--- Supplied data ---

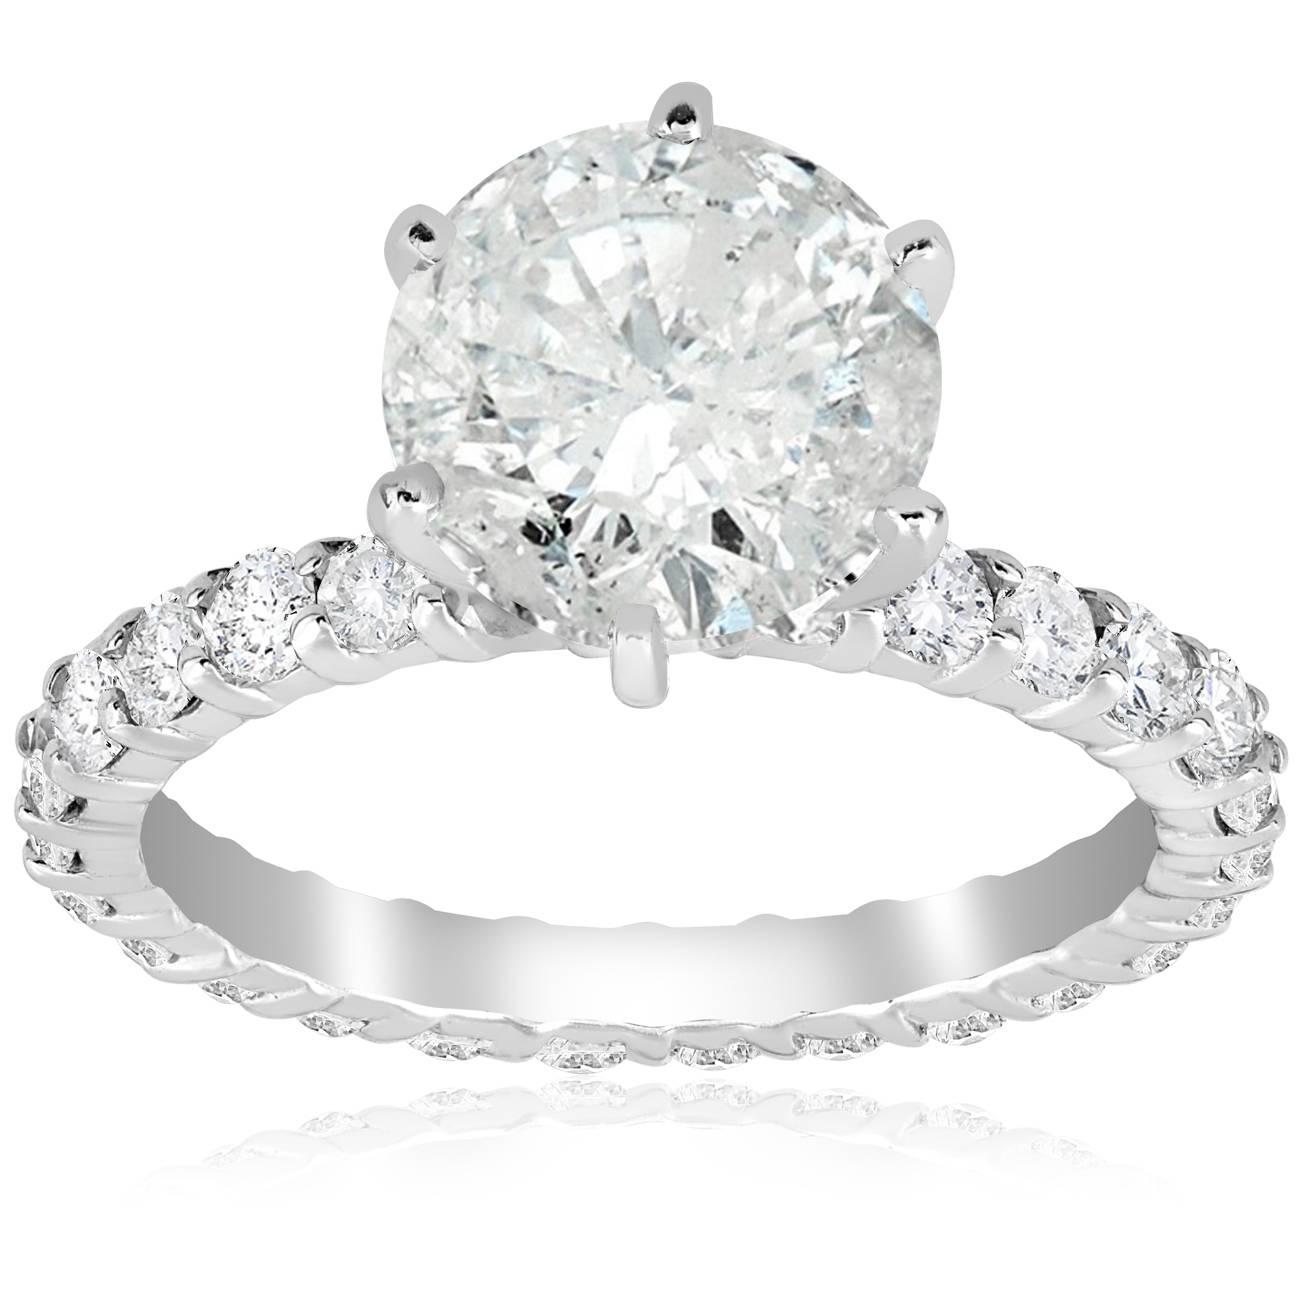 5 Carat Enhanced Diamond Engagement Eternity Ring 14k
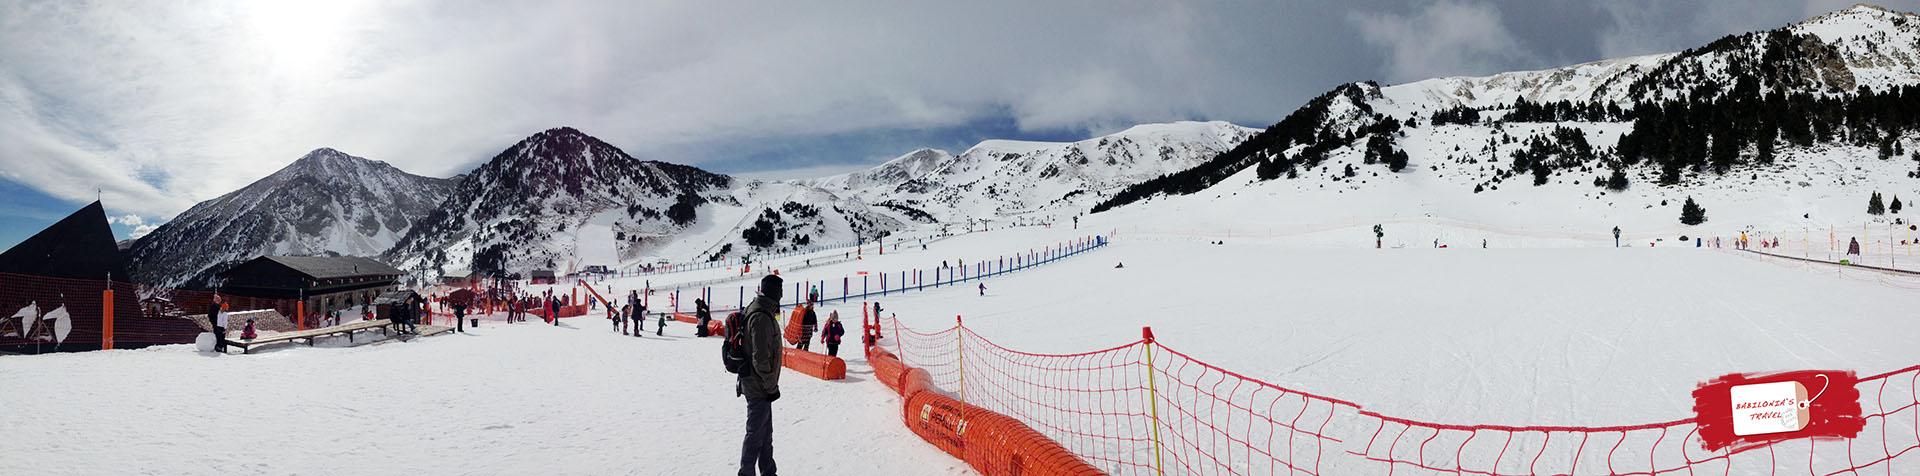 nieve vallter
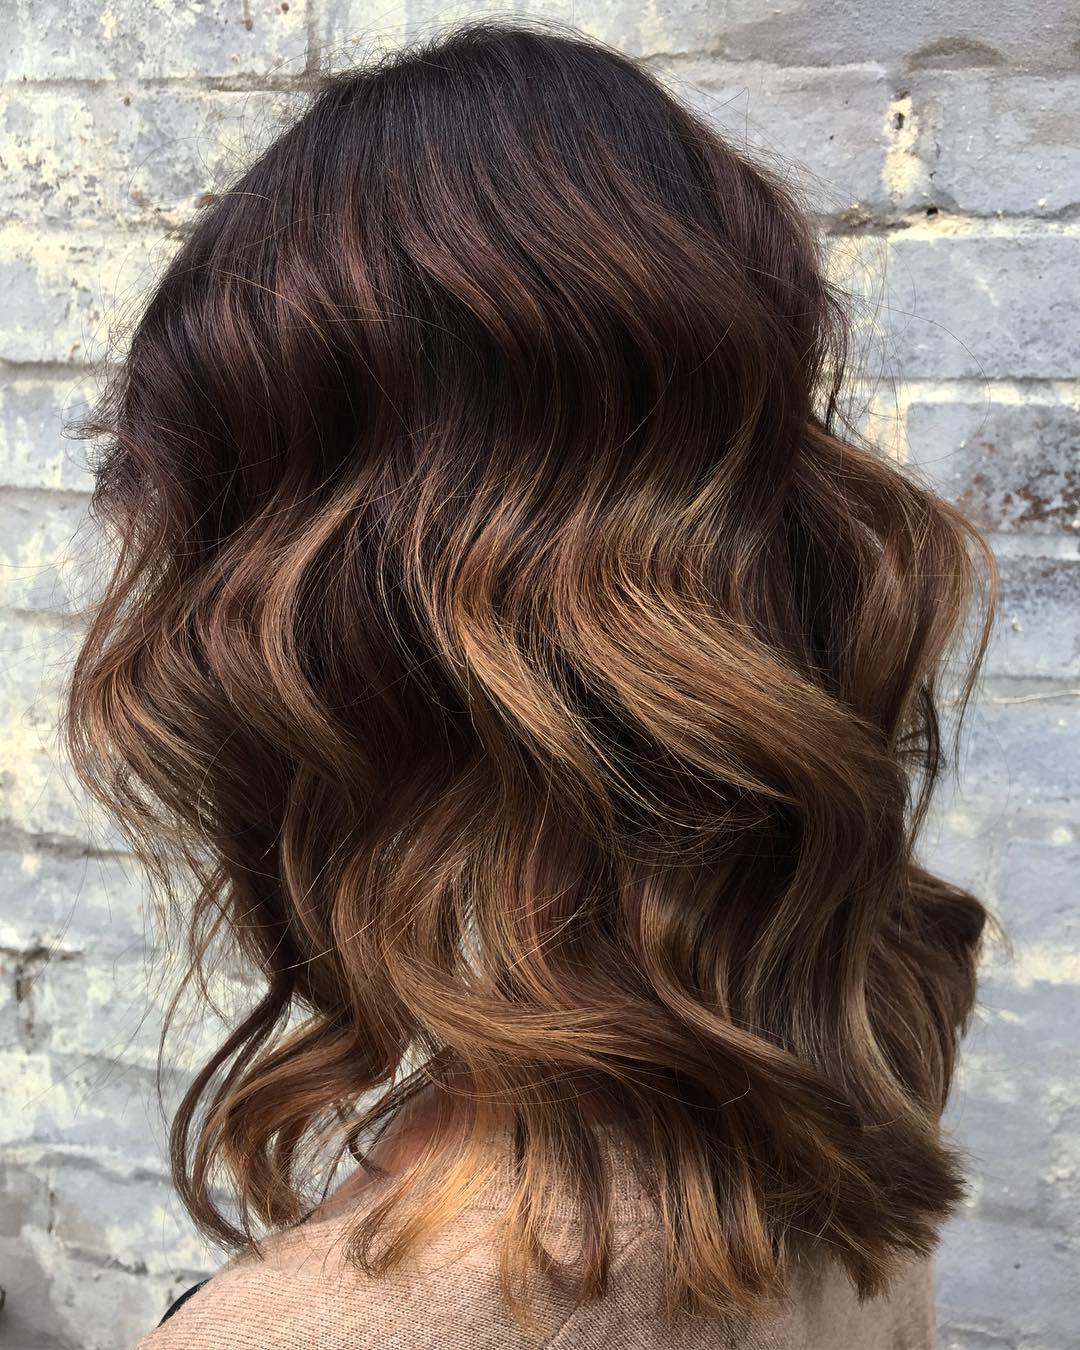 Chocolate Hair with Caramel Peekaboo Highlights

---

§ Problem to solve
Skipping any images, write out all the data exactly.

§ Task answer
 5 Carat Enhanced Diamond Engagement Eternity Ring 14k
 nieve vallter
 Chocolate Hair with Caramel Peekaboo Highlights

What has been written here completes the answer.